Throughout their time together, Ajax and Alan have performed in jumping competitions, but, more recently, he has taken on a rather special role overseas from his Jersey home.
"It's kind of morphed into ceremonial work - principally when he was adopted by the Worshipful Company of Coopers in London as that company's mascot," Alan explained.
The Worshipful Company of Coopers, which began as Coopers' Livery Company, was a collective of Coopers - craftsmen specialising in making in wooden watertight vessels/casks to contain goods.
Though at one point it was a massive industry, with most things being stored in wooden vessels made by Coopers, it has seen a decline over the past century with advent of plastic bottles, metal tins, glass bottles and similar modern innovations wiping the majority of the trade out, beyond the storage of beer, wine, cider and spirits.
The Company of Coopers has now become, as many livery companies are in London, a largely charitable enterprise.

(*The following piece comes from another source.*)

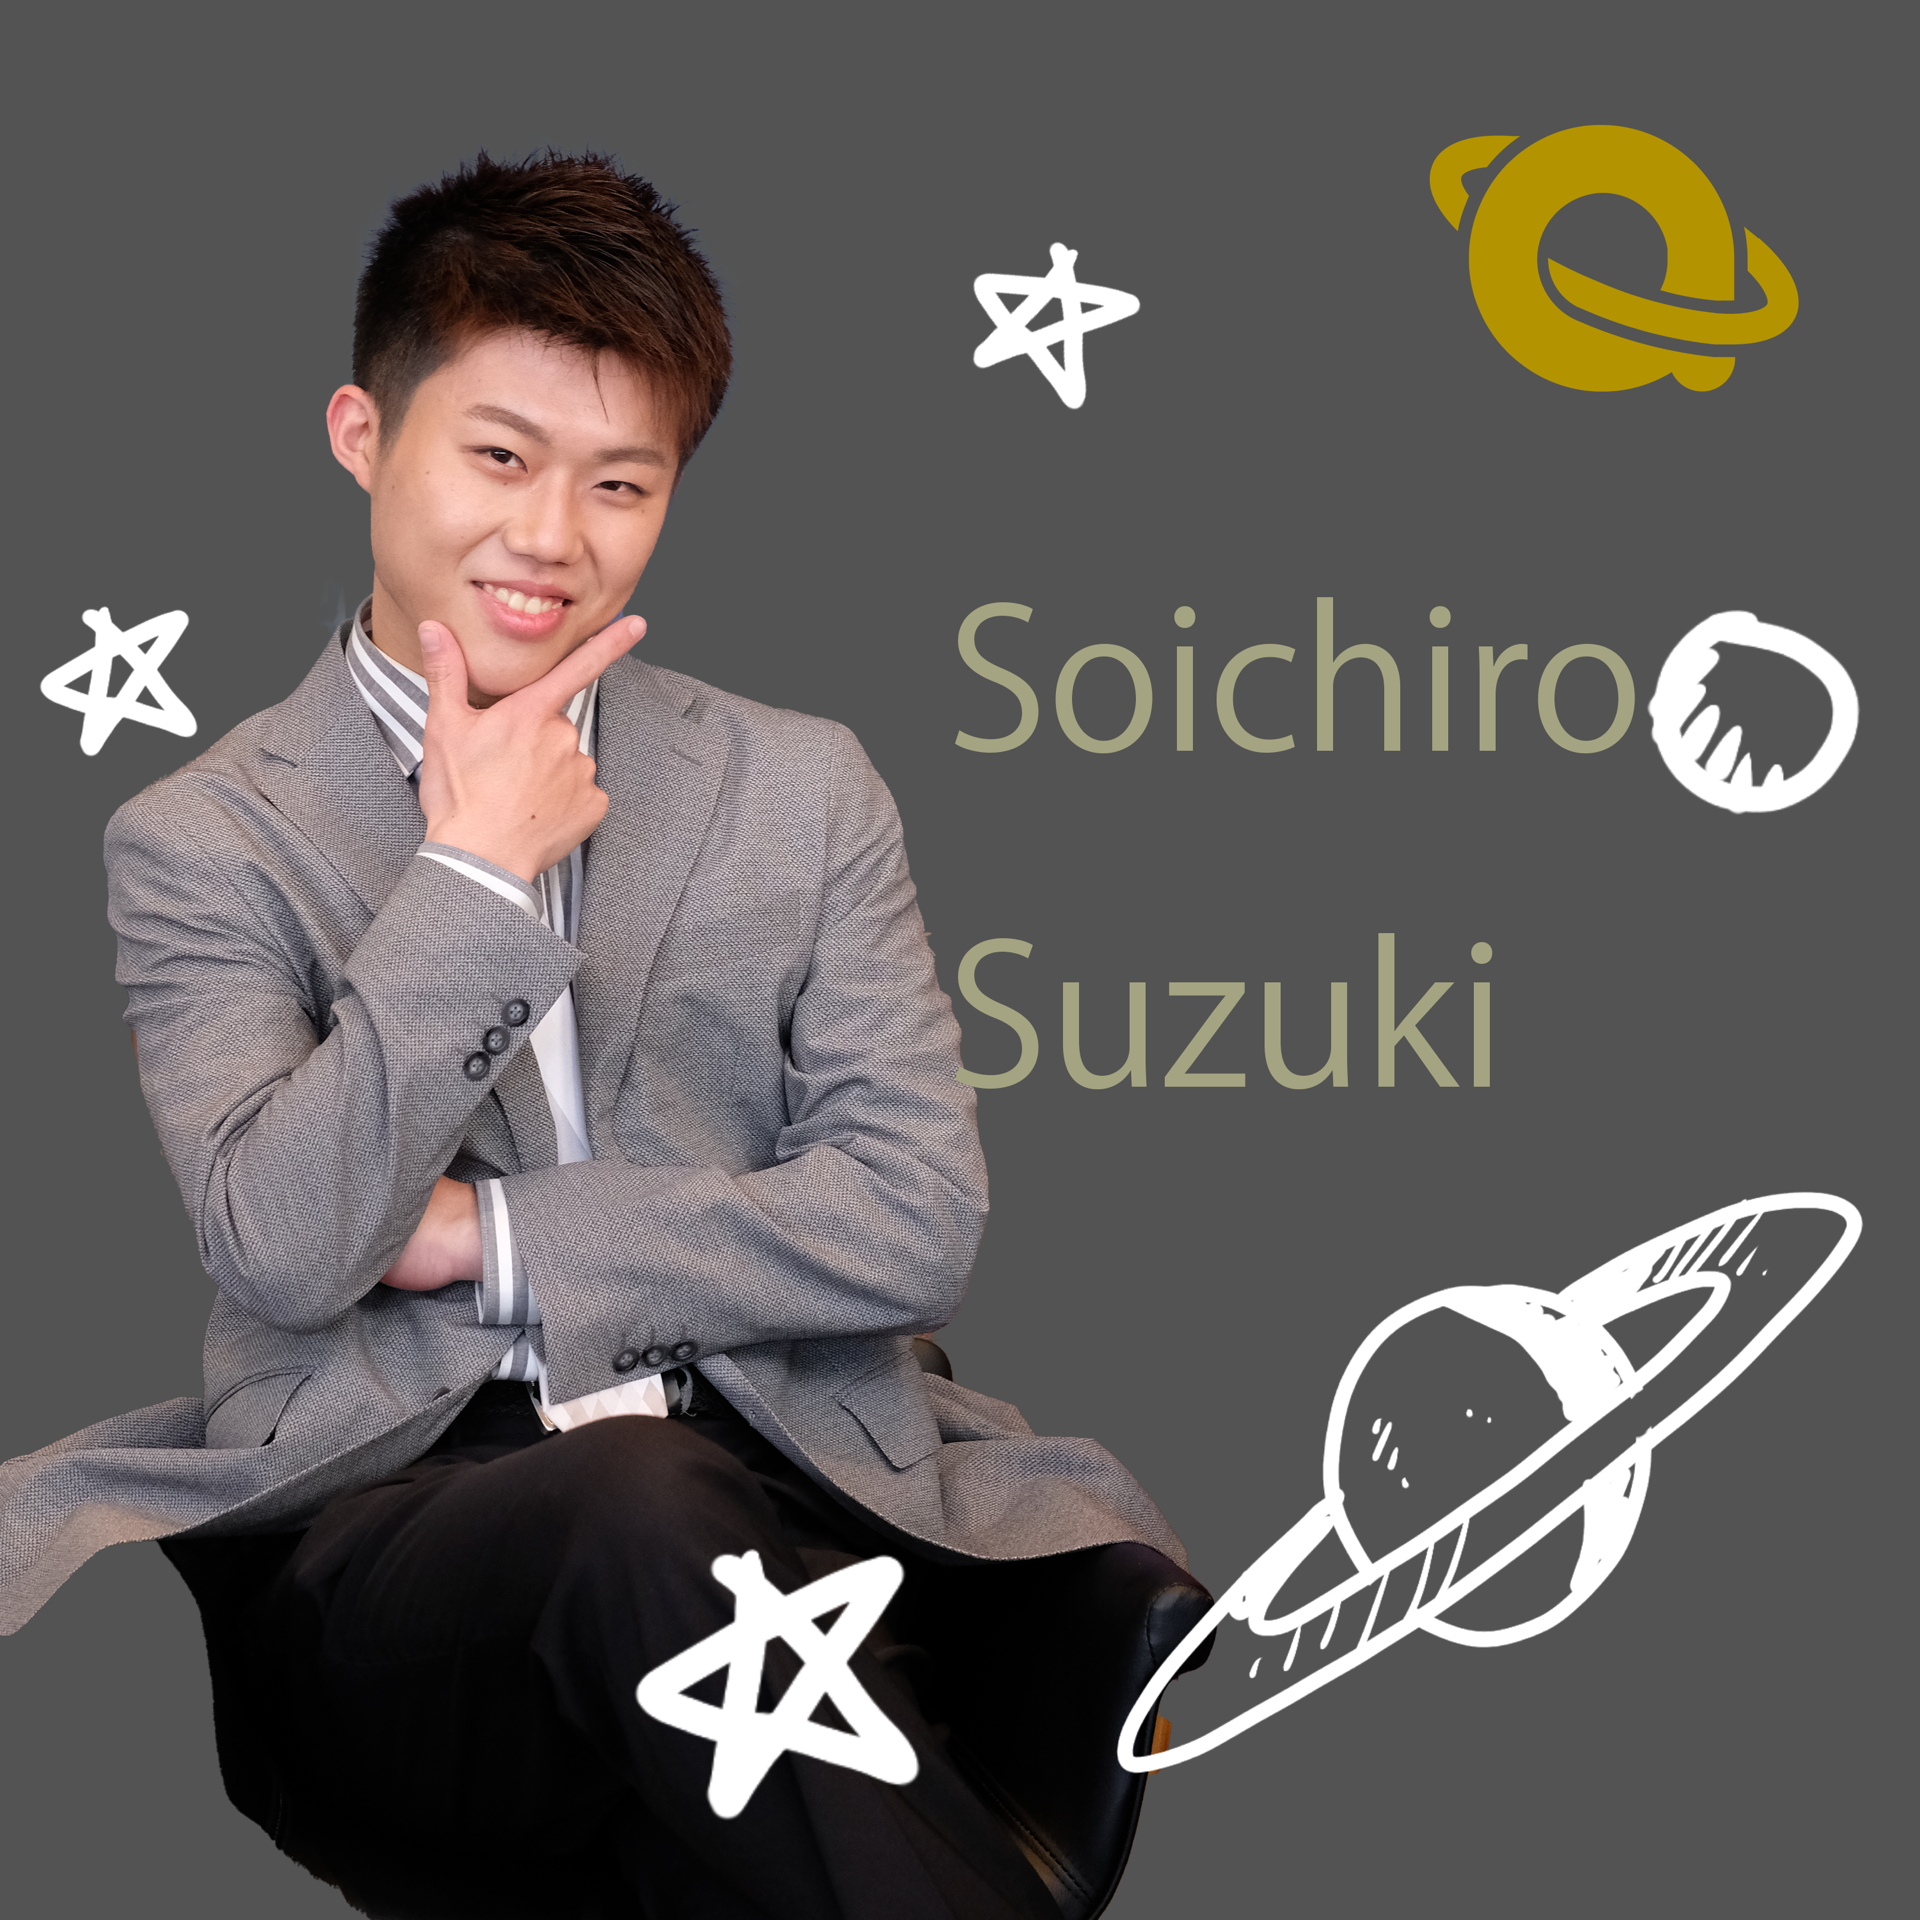 Soichiro Suzuki

Pictured: Ajax's journey has taken him from London up to the Cotswolds this September.
Though a large Shire Horse from Jersey may seem an unusual mascot for such an organisation, Alan explained that there is a tight-knit history bringing the breed and the profession together.
"In 1535, Henry VIII passed an act of Parliament making it illegal to breed small horses - and that act of parliament in 1535 led to what we now have as the majestic heavy horses of today," Alan outlined.

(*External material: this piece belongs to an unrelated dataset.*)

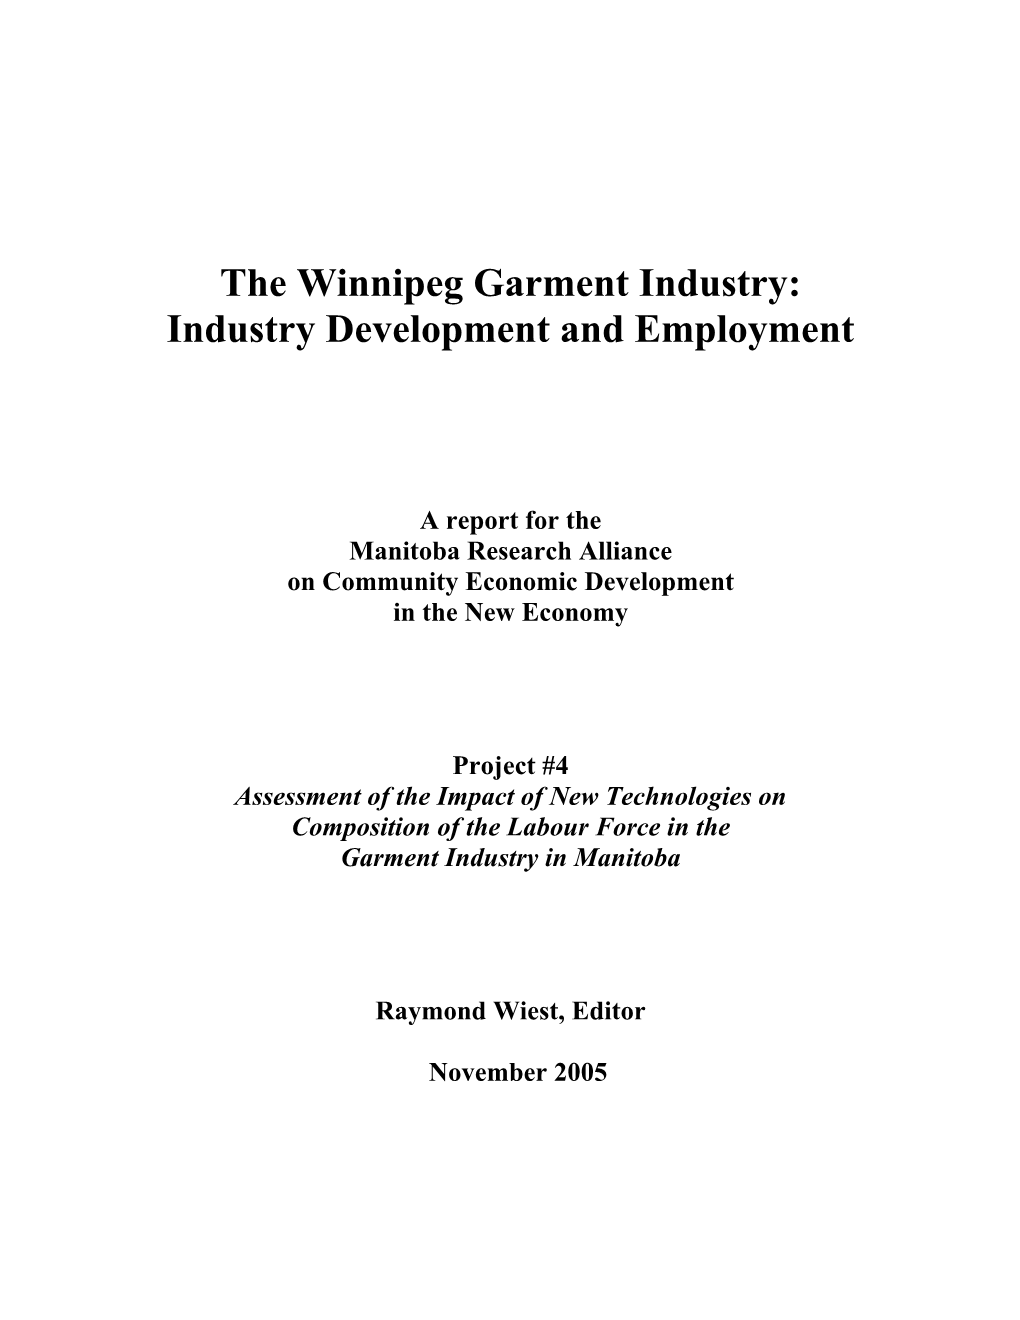 The Winnipeg Garment Industry: Industry Development and Employment

"Originally the purpose of that was to breed horses that were larger for war, sadly, and to put knights on with armour and to put armour on the horses.
"But it's a pleasing legacy of that awful origin that we now have these beautiful horses that grow to our country."
He continued: "The Coopers started in 1501, so heavy horses starting a few years later gives them a rooted origin in history, and heavy horses are synonymous with pulling or pushing brewers' drays with wooden casks on."
He added that sadly, Ajax's Shore Horse breed is endangered, similar to how there are now a very limited number of Coopers out there in the world.
"So the shire breed is a very natural ambassador as a mascot for a company like the Coopers," he observed.
Pictured: Ajax has barrels on both sides as a symbol of his association with coopers.
Indeed, as part of his distinctive look, Ajax sports either the Coopers Company colours on his saddlecloth or has two wooden casks or wooden barrels mounted on other side of him.
The past month's activities have seen Ajax visit a school, pay a visit to the Tower of London, attending a drinks party, as well as parading in front of the HMS Belfast, raising awareness for his endangered breed.
He also spent a week staying at Knightsbridge Barracks - the only household cavalry that has ceremonial heavy horses now in Britain, and riding through Hyde Park to Horseguards Parade with the barrack drum horses, a ceremony Alan described as "a fine piece of riding from Ajax."
He then moved out of London and into the Cotswolds later in the month, staying with traditional brewery Hook Norton, joining their four shire horses in delivering kegs of beer and doing ambassador work.
Then, over the past weekend, he has visited RAF Brize Norton and the RAF 99 Squadron - who recently acted as one of the major participants in the evacuation of Kabul - as the Coopers are affiliated with the squadron.
Pictured: A timeline of Ajax's adventures around the country.
Speaking about why Ajax has been such a good ambassador over the past four years, and has been able to go on so many adventures, Alan put it down to his calm breed.
"He lives in a field in Jersey, a very quiet environment and within twenty four hours he's in the City of London - and not many horses can take that sort of transition, yet he can and then be ridden or walk out or then be moved again," he said.
Though he added Ajax does not travel much, as it is not good to move a horse around a great deal, he did note that "the reason that we've had such an enjoyable journey through life together is because he is calm", referring to Ajax as a "gentle giant."
"That's what we've done over 10 years together, and he seems to have a ready fan club whenever he goes, so I can see more years to come hopefully!"